> [What the exercise asks] Every line below must be reproduced exactly; no pictures are to be included.

START Data extract

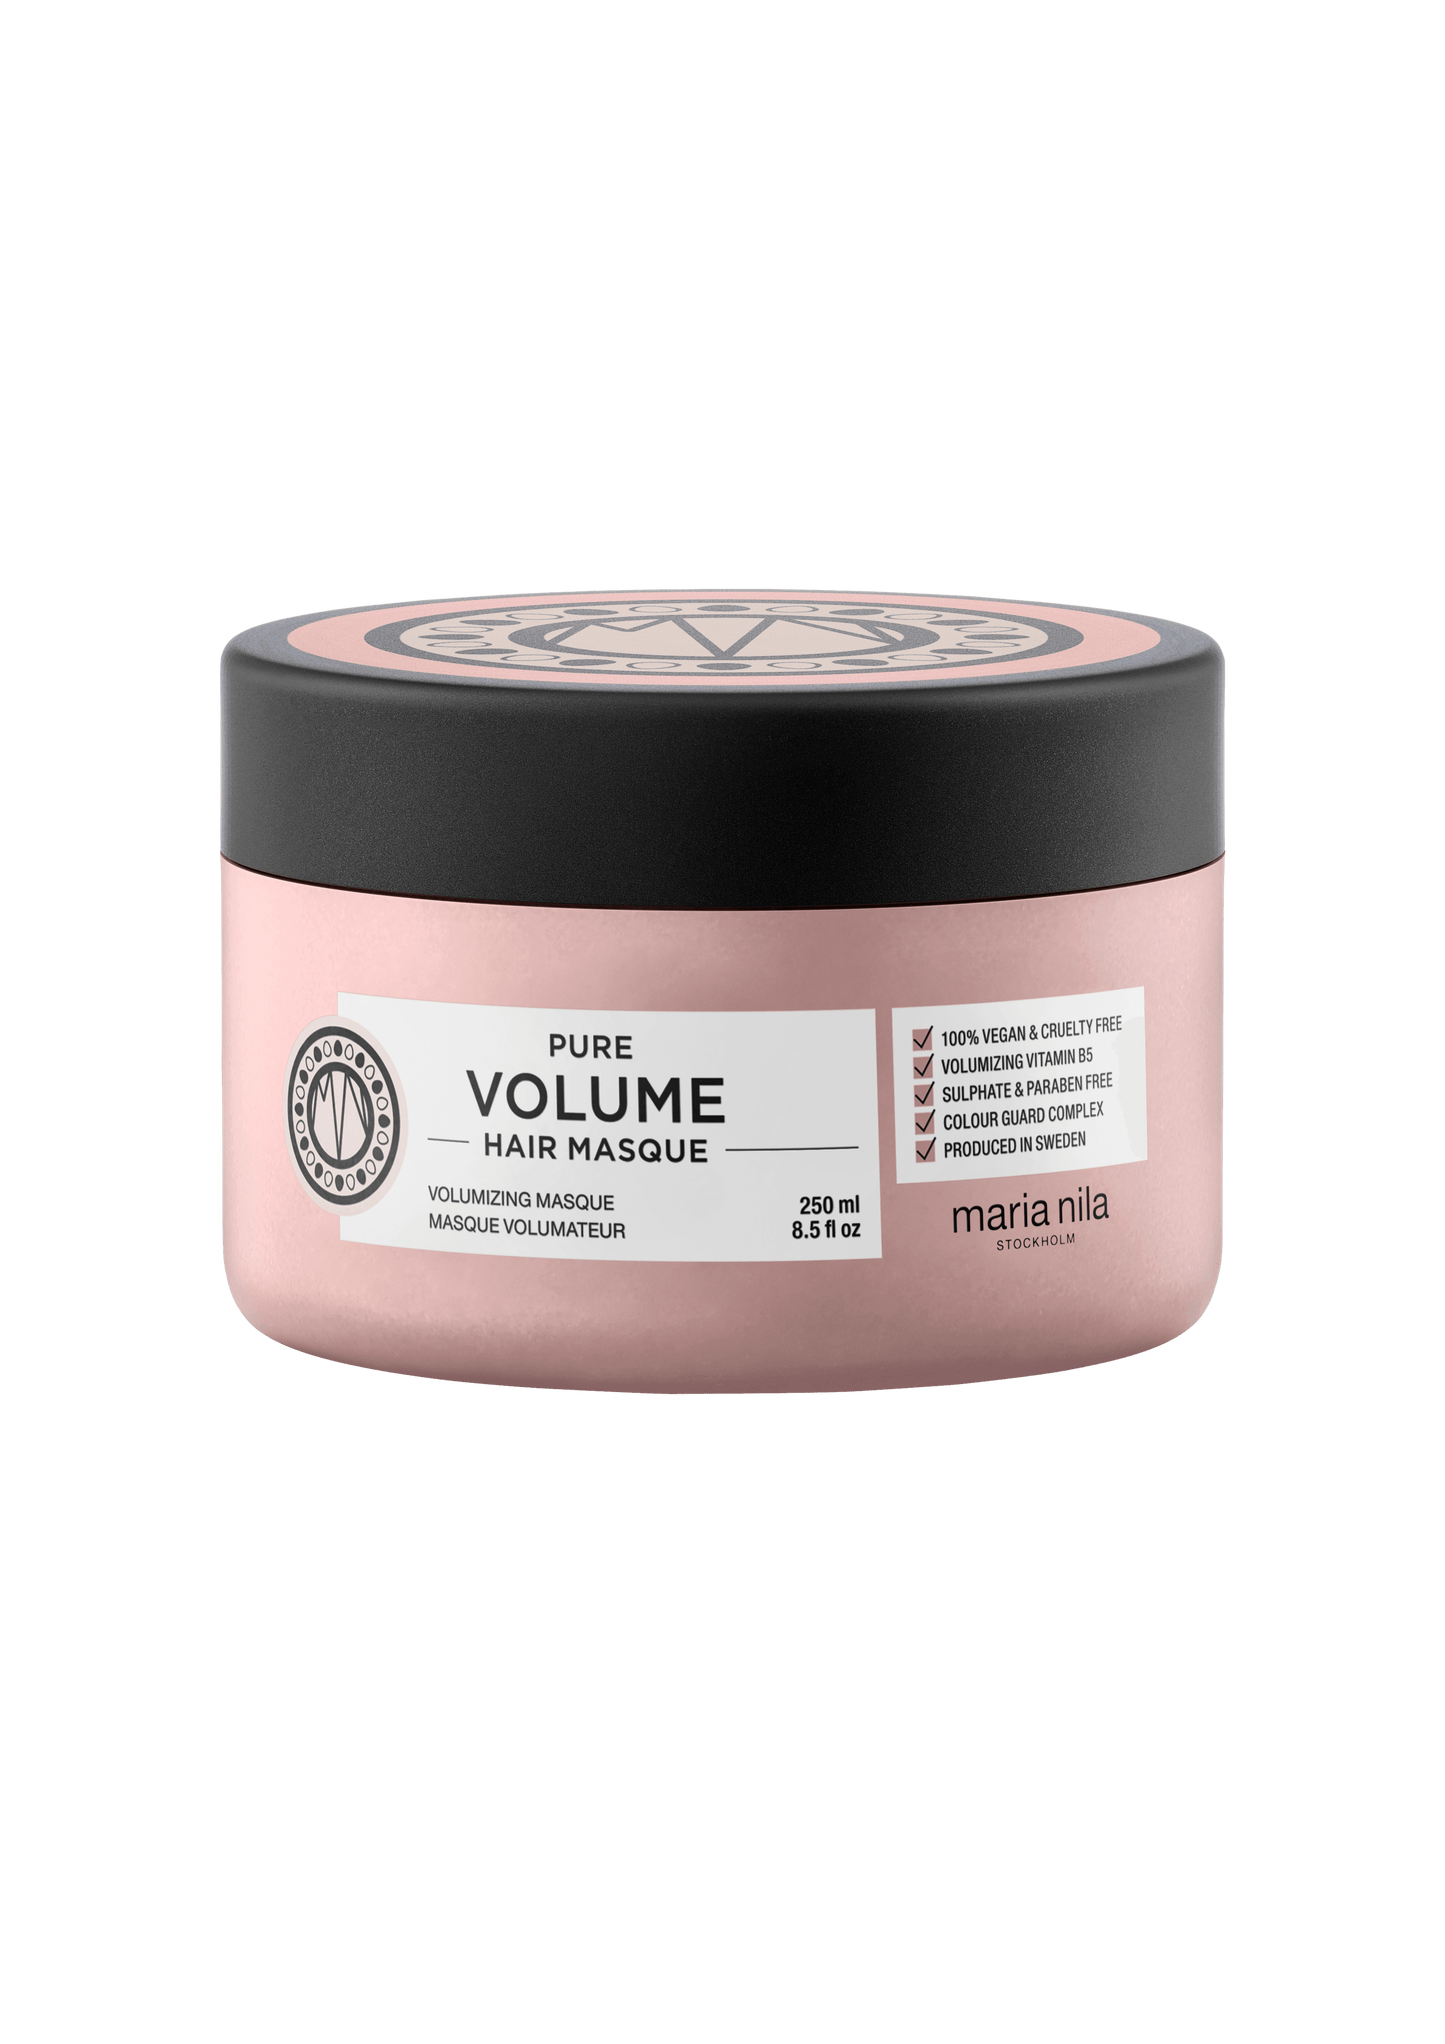 Pure Volume Masque - The Coloroom 
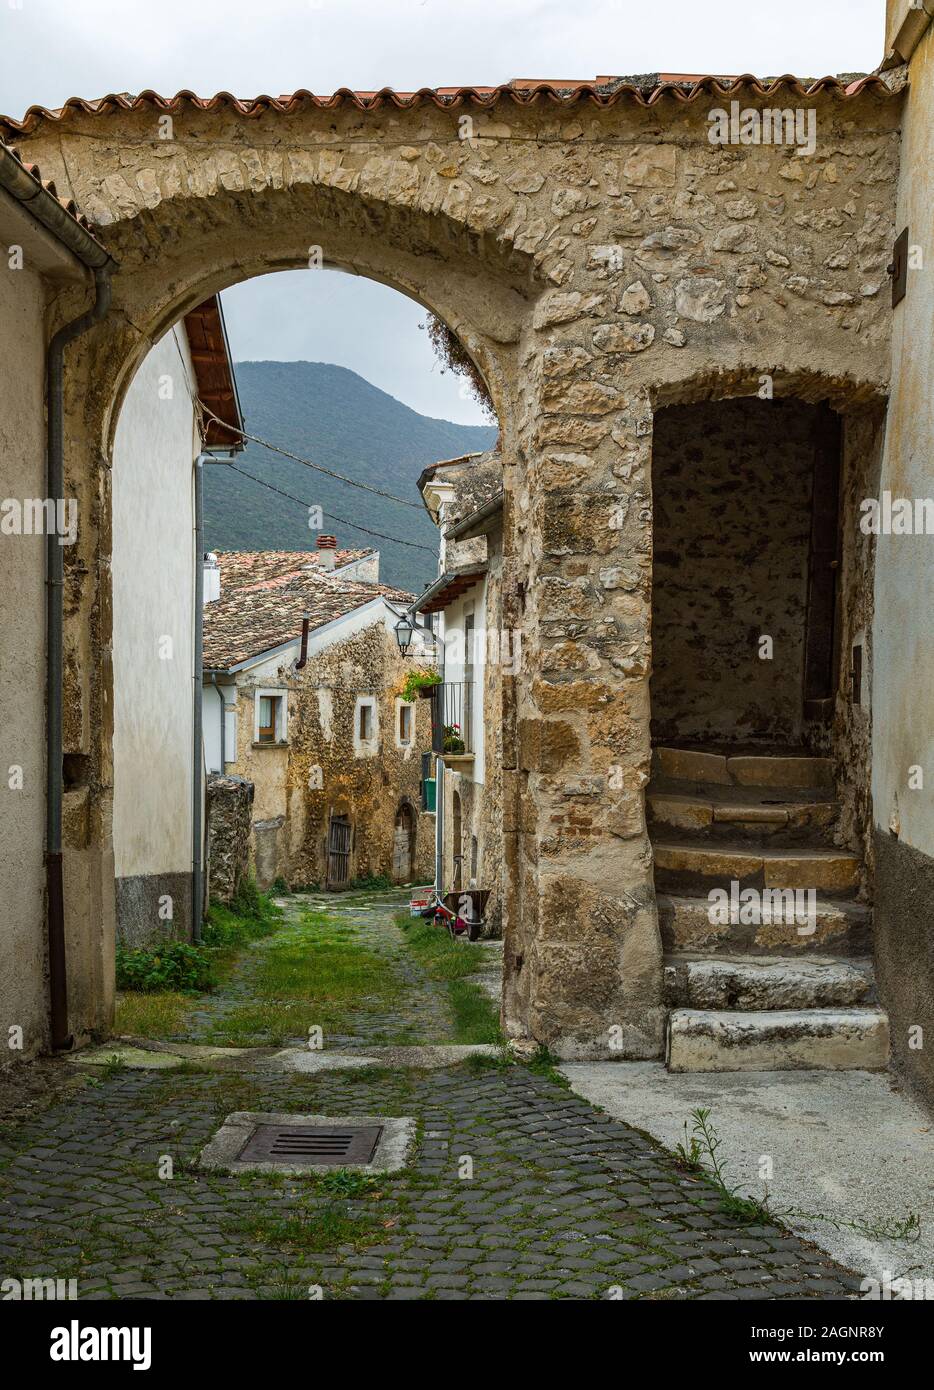 Medieval village, Goriano Valli, L'Aquila Stock Photo
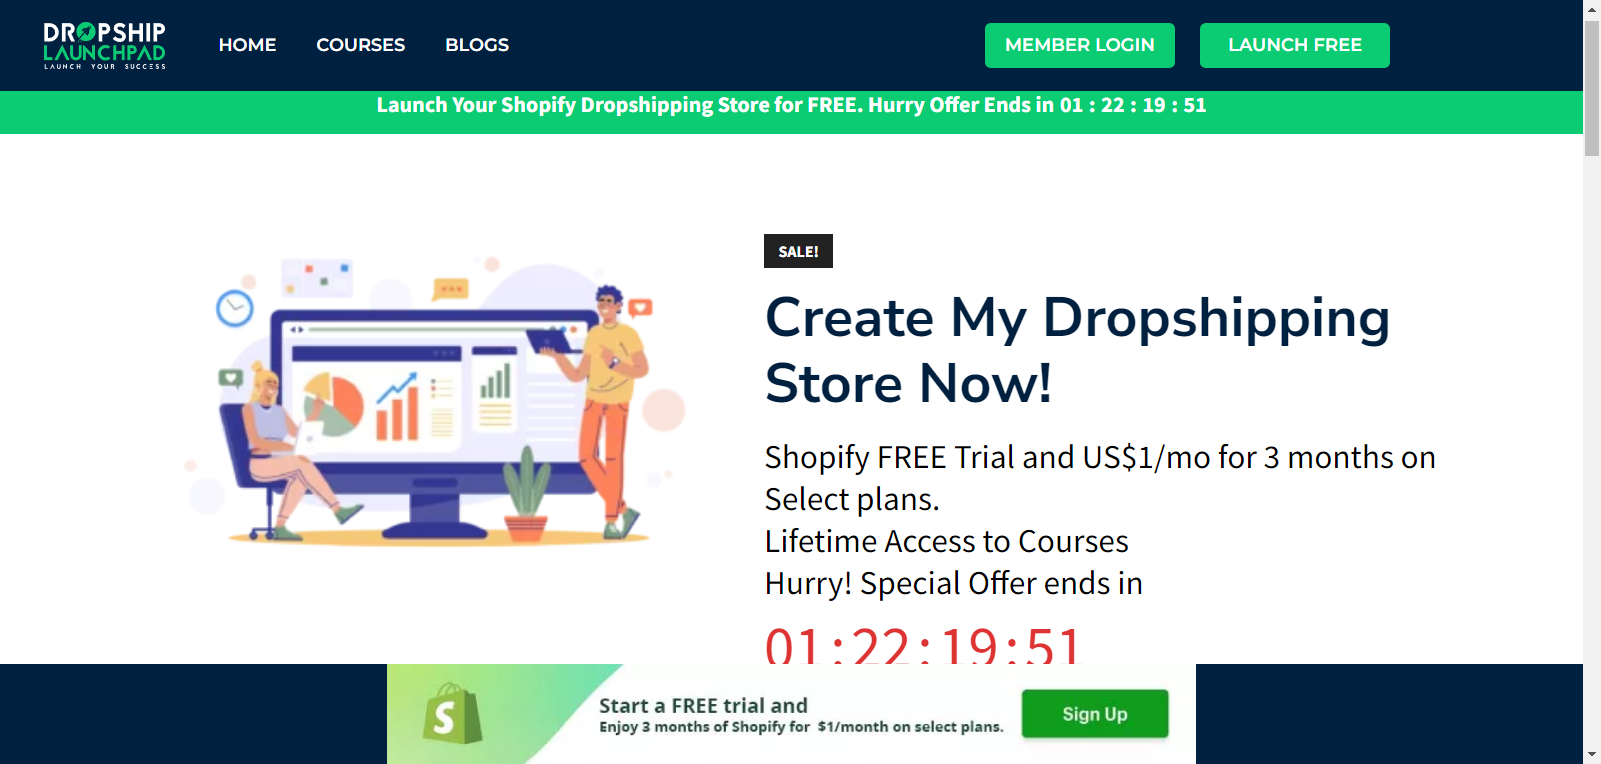 DropShip Launchpad: Free Turnkey Shopify Store

END Data extract

> [Response below]
 Pure Volume Masque - The Coloroom 
 Medieval village, Goriano Valli, L'Aquila Stock Photo
 DropShip Launchpad: Free Turnkey Shopify Store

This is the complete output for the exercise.